Set the material down again exactly, line by line, skipping each picture.

**DATASET EXCERPT:**
Content starts

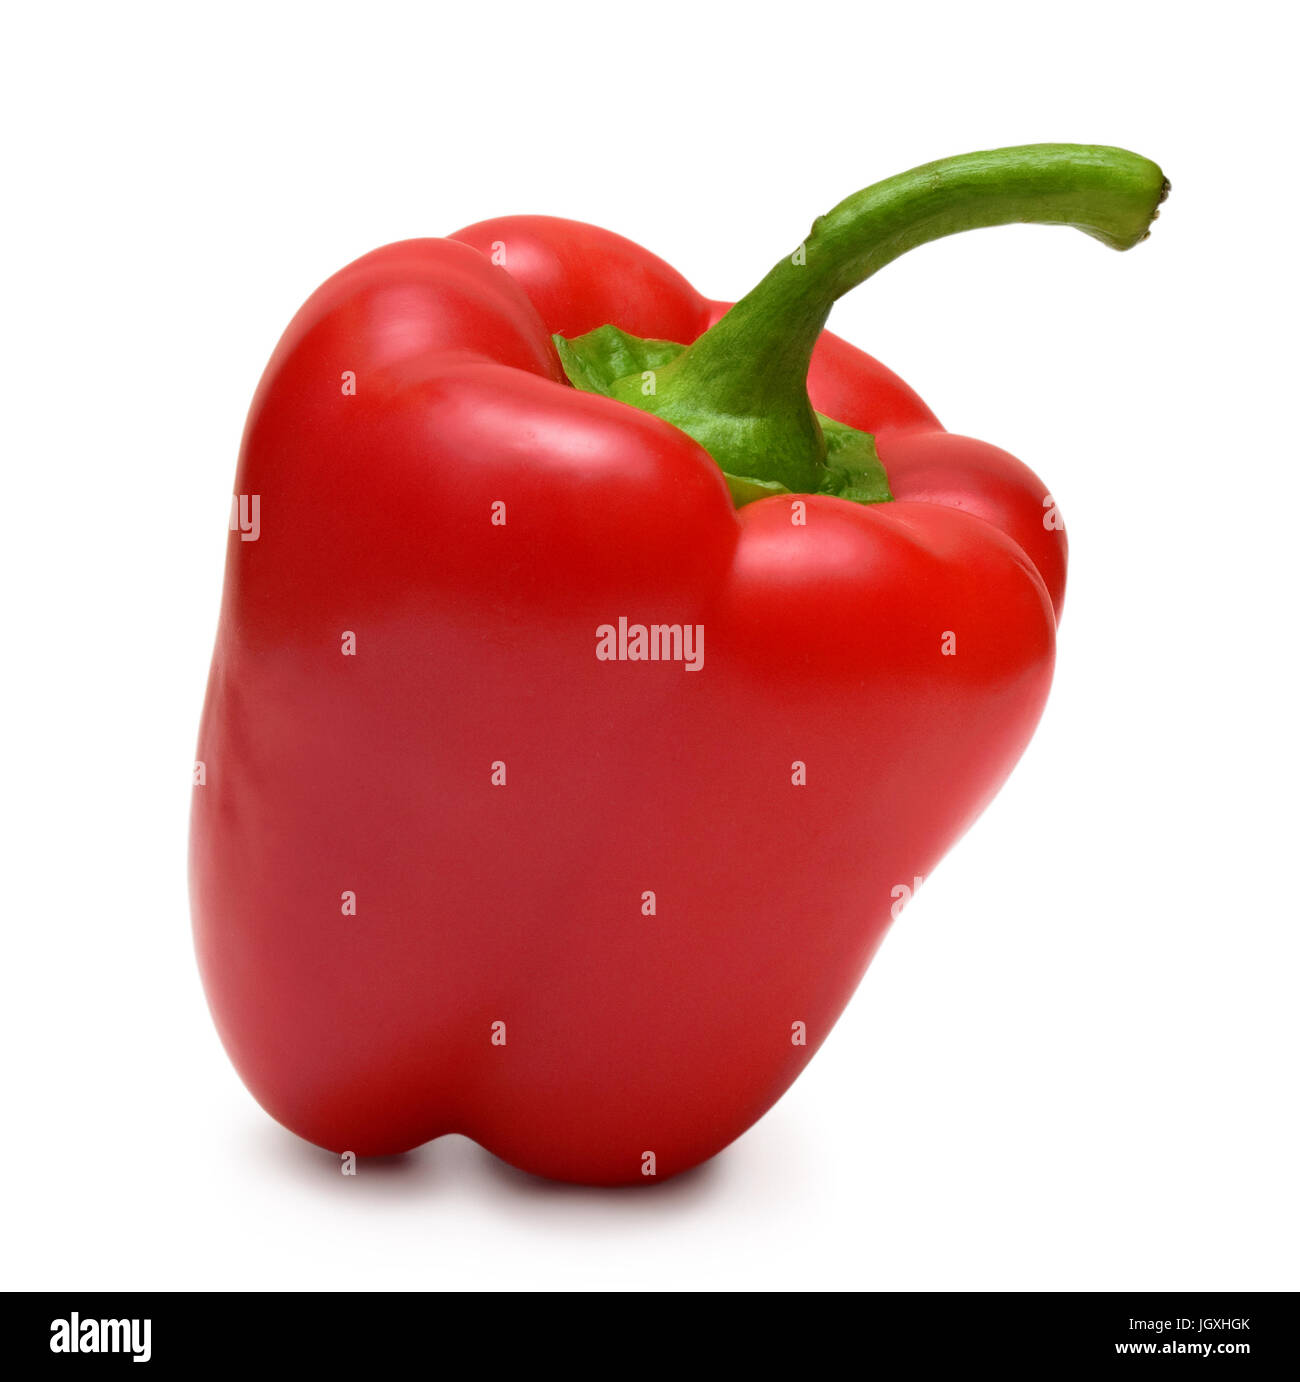 https://c8.alamy.com/comp/JGXHGK/bell-pepper-bulgarian-pepper-isolated-on-white-it-is-red-fresh-beautiful!-JGXHGK.jpg
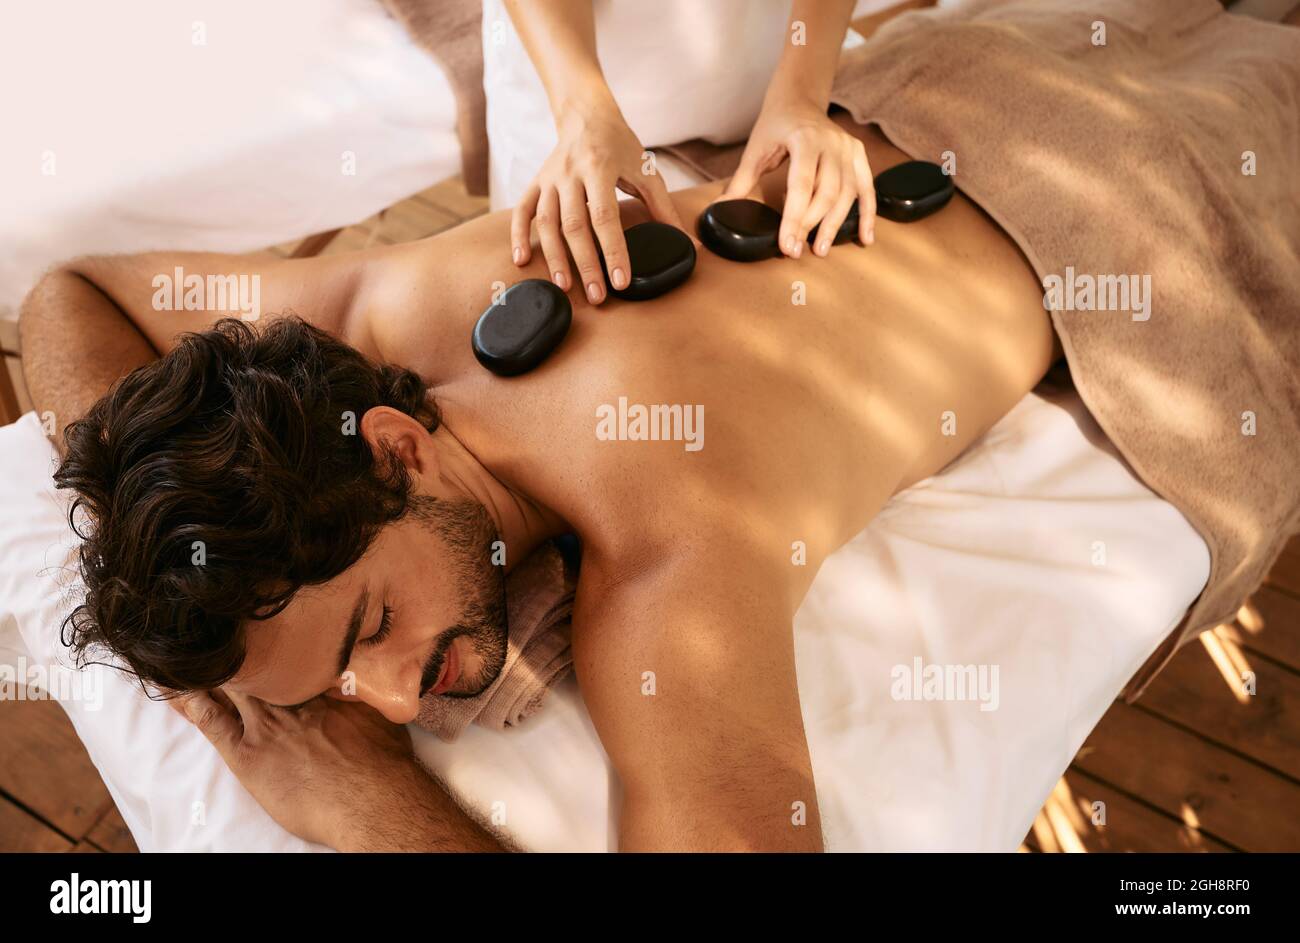 Der gutaussehende Mann im Spa Resort erhält eine Hot Stone Massage. Massagetherapie mit heißen Steinen mit glatten, flachen, beheizten Steinen Stockfoto
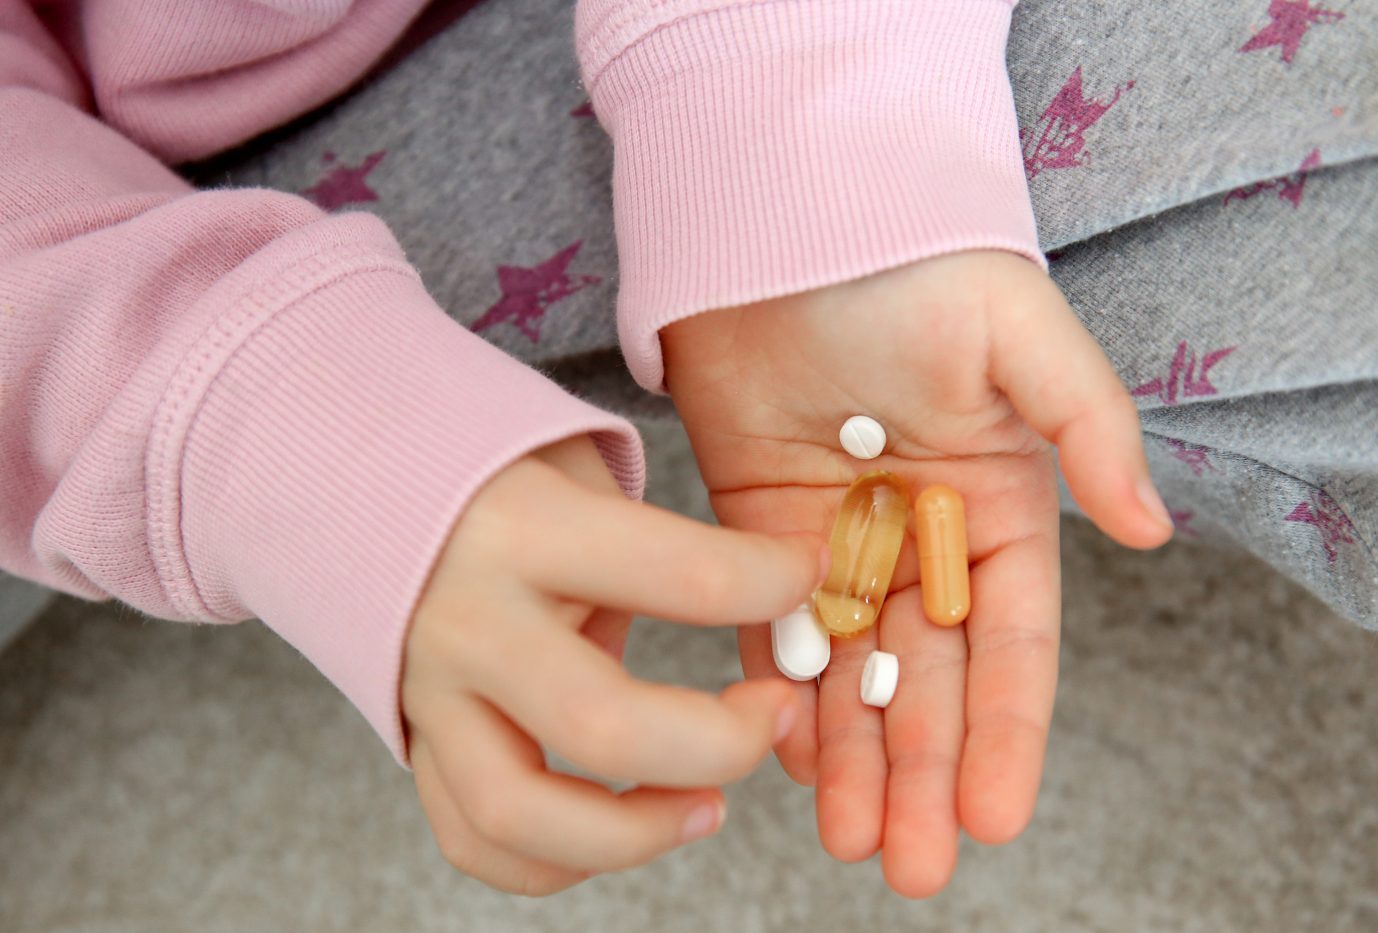 Kind hält Tabletten in der Hand: Texas Gouverneur Greg Abbott will die Behandlung von Minderjährigen mit Pubertätsblockern oder Hormontherapien als Kindesmißbrauch ahnden
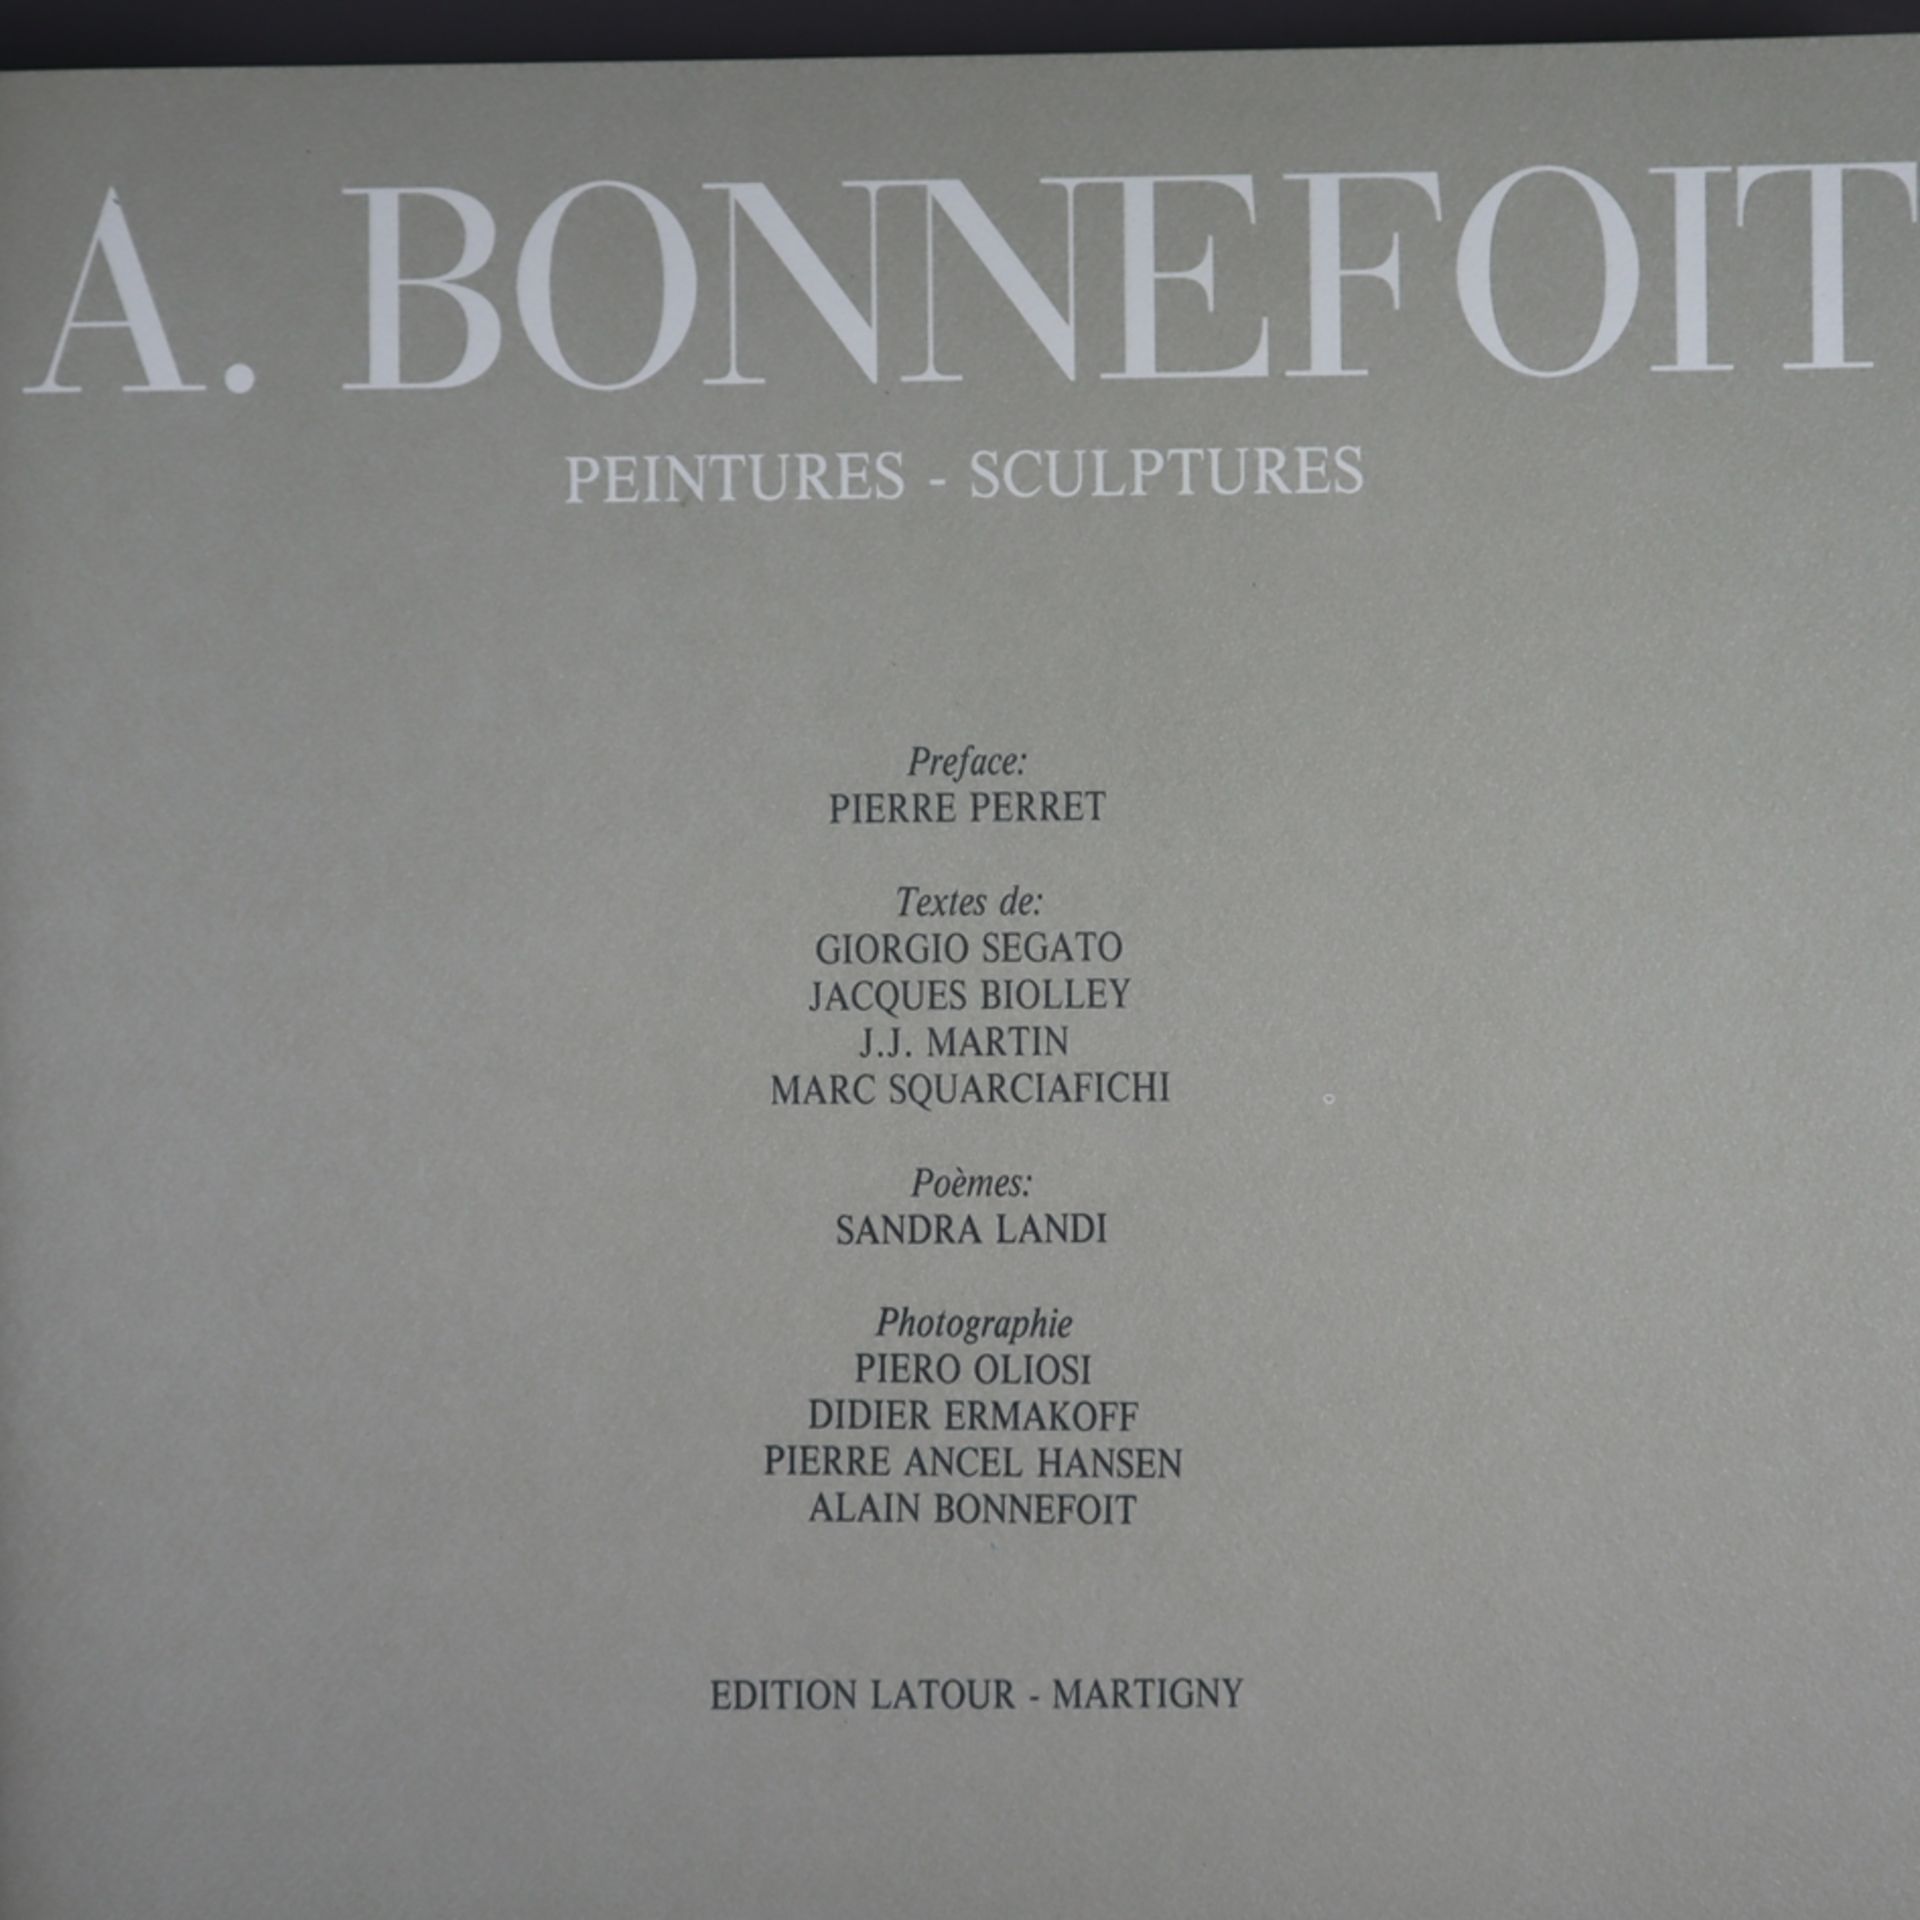 Bonnefoit, Alain (geb. 1937 in Paris) - Peintures - Sculptures, Edition Latour, Martigny 1994, - Bild 2 aus 6

Content ends

**FINAL ANSWER:**
 https://c8.alamy.com/comp/JGXHGK/bell-pepper-bulgarian-pepper-isolated-on-white-it-is-red-fresh-beautiful!-JGXHGK.jpg
 Der gutaussehende Mann im Spa Resort erhält eine Hot Stone Massage. Massagetherapie mit heißen Steinen mit glatten, flachen, beheizten Steinen Stockfoto
 Kind hält Tabletten in der Hand: Texas Gouverneur Greg Abbott will die Behandlung von Minderjährigen mit Pubertätsblockern oder Hormontherapien als Kindesmißbrauch ahnden
 Bonnefoit, Alain (geb. 1937 in Paris) - Peintures - Sculptures, Edition Latour, Martigny 1994, - Bild 2 aus 6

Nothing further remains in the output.